Heard from Margaret Kimberley

@ggersh

wikileaks' publication, without more, of data stolen by Chelsea Manning--and Obama commuted her sentence!

In the First Amendment the Founding Fathers gave the free press the protection it must have to fulfill its essential role in our democracy. The press was to serve the governed, not the governors. The Government's power to censor the press was abolished so that the press would remain forever free to censure the Government. The press was protected so that it could bare the secrets of government and inform the people. Only a free and unrestrained press can effectively expose deception in government. And paramount among the responsibilities of a free press is the duty to prevent any part of the government from deceiving the people and sending them off to distant lands to die of foreign fevers and foreign shot and shell. In my view, far from deserving condemnation for their courageous reporting, the New York Times, the Washington Post, and other newspapers should be commended for serving the purpose that the Founding Fathers saw so clearly. In revealing the workings of government that led to the Vietnam war, the newspapers nobly did precisely that which the Founders hoped and trusted they would do.

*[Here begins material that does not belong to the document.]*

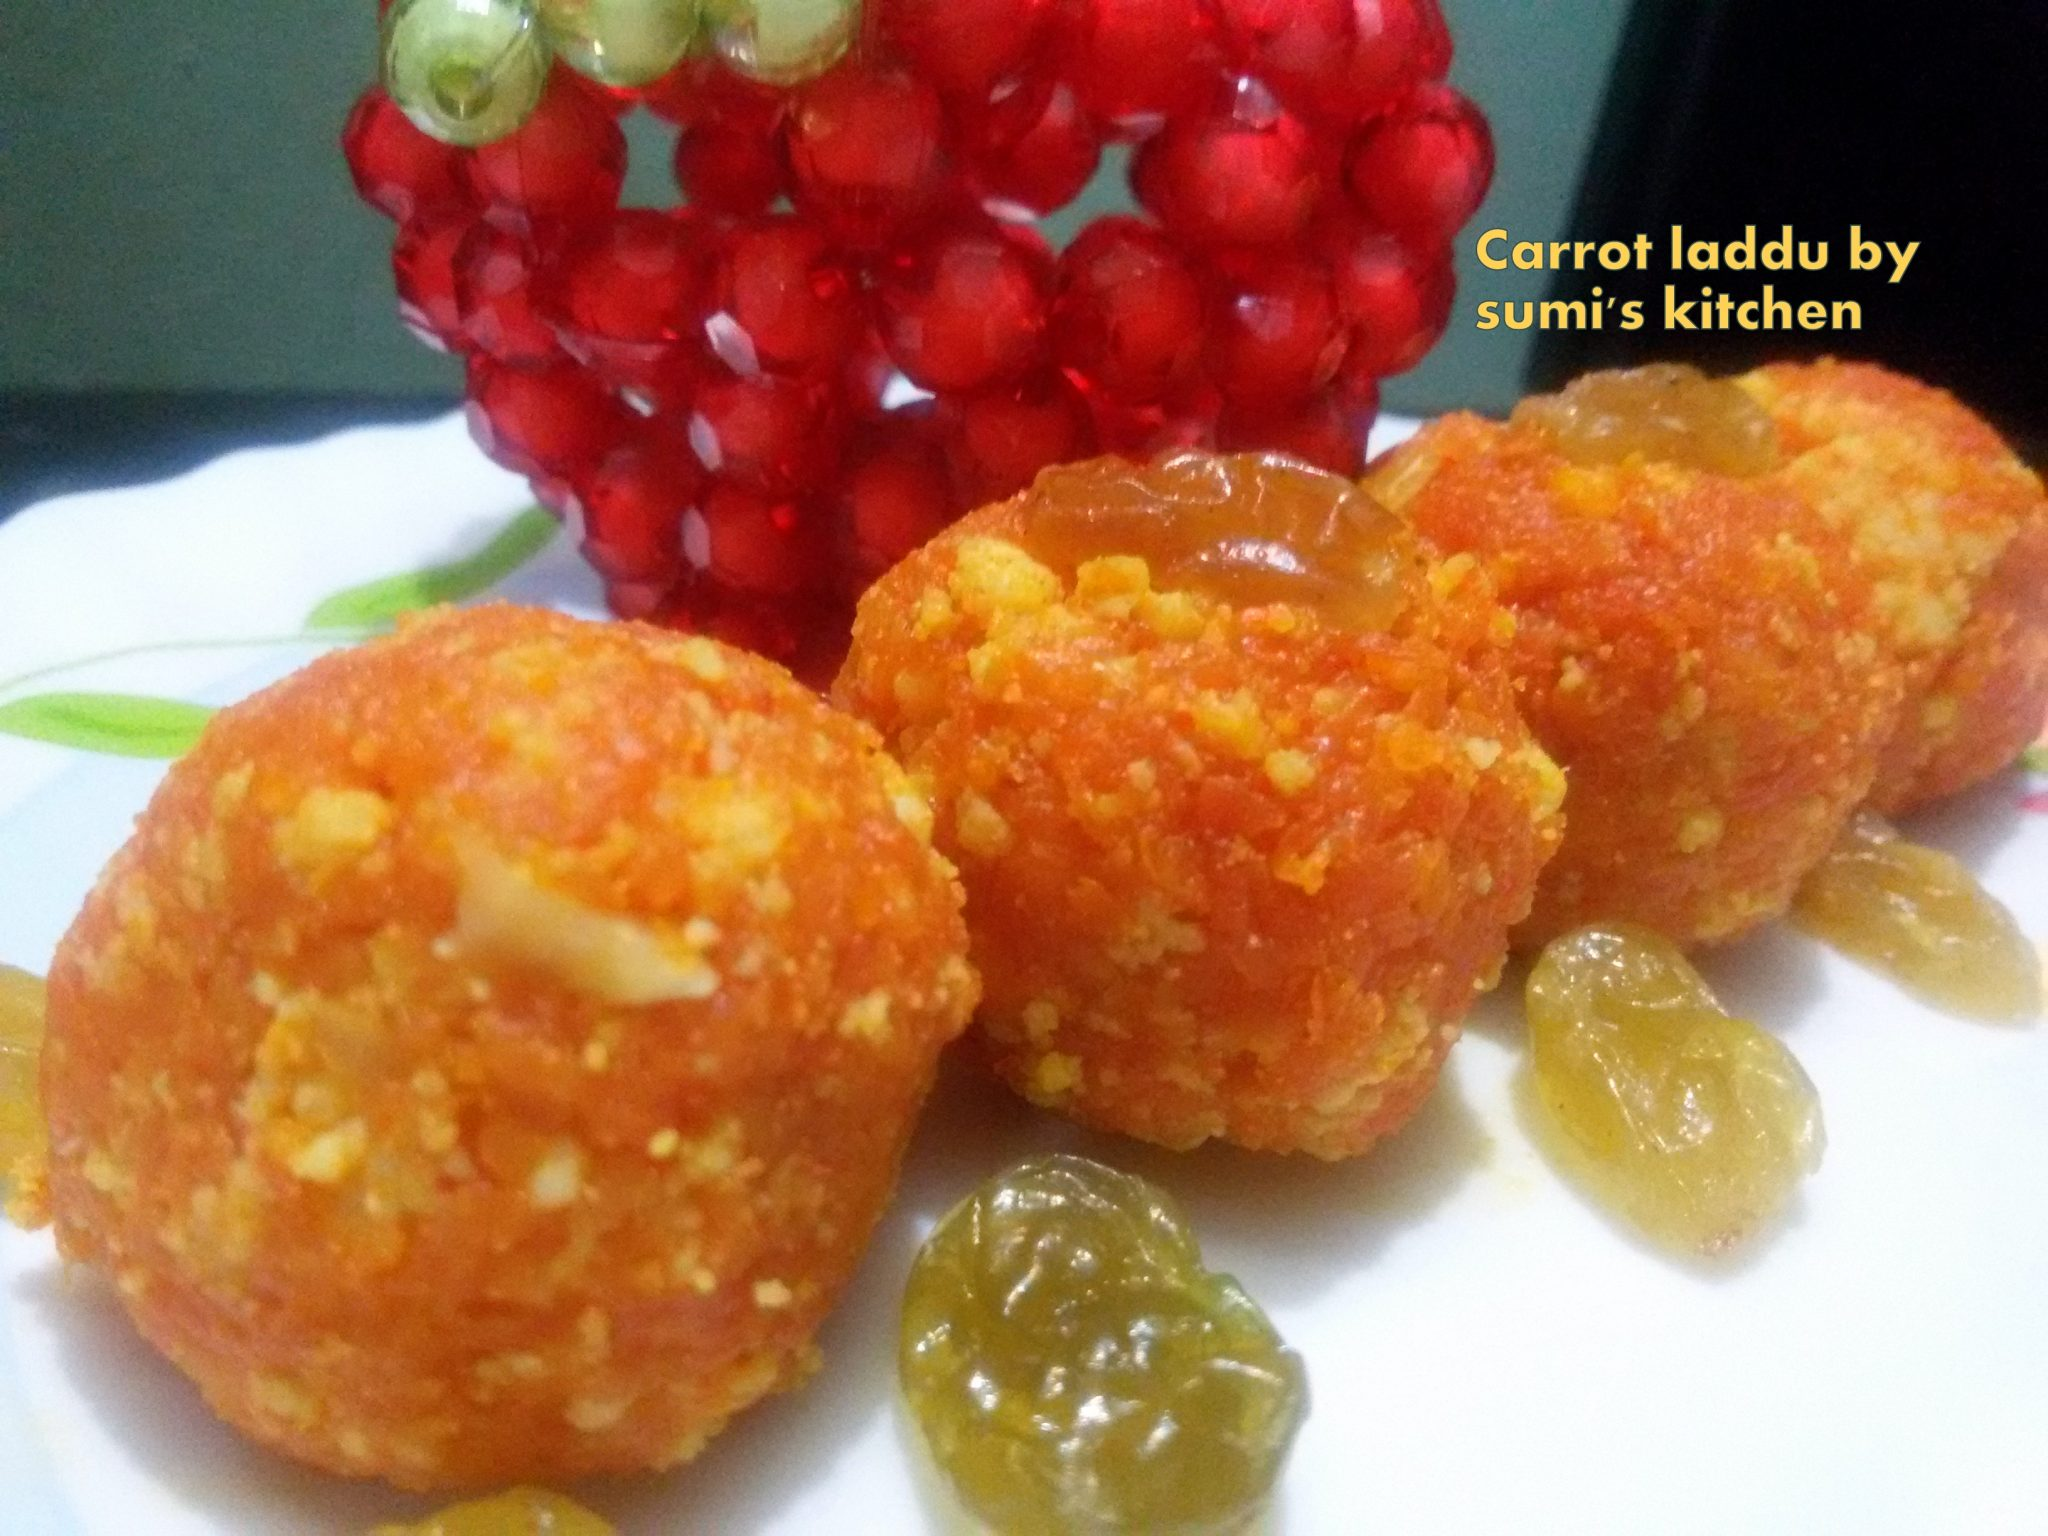 Carrot laddu / halwa

The Government's case here is based on premises entirely different from those that guided the Framers of the First Amendment.

Justice Black, writing for the majority of the Supreme Court of the United States New York Times Co. v. United States, decided in 1971.

opinion online at https://scholar.google.com/scholar_case?case=17571244799664973711&q=Unit...

In the interests of accuracy and full disclosure, I point out that the government sought to prevent the New York Times from publishing the Pentagon Papers, which Daniel Ellsberg had stolen, because the material was classified. (Whether it should have been classified is another issue, but, IMO, no, it should not have been.) IOW, the government was seeking a prior restraint, as the colonial government had sought against Peter Zenger, Zenger's case having been a direct influence on the First Amendment.

Of course, attributing the First Amendment to the Framers is generous. It was not in the document that the Framers circulated to the colonies/states for ratification. However, the people, referred to by the Framers disdainfully during the Constitutional Convention, and the various legislatures ratified the document circulated by the Framers, but demanded addition of the Bill of Rights ASAP. And the Bill of Rights was ratified six months later. I rather imagine that the Framers were mindful that the same people who were demanding a Bill of Rights, not unlike that nominally granted by King John to English barons in 1250 C.E. had just overthrown a government that didn't think it needed to take their complaints seriously.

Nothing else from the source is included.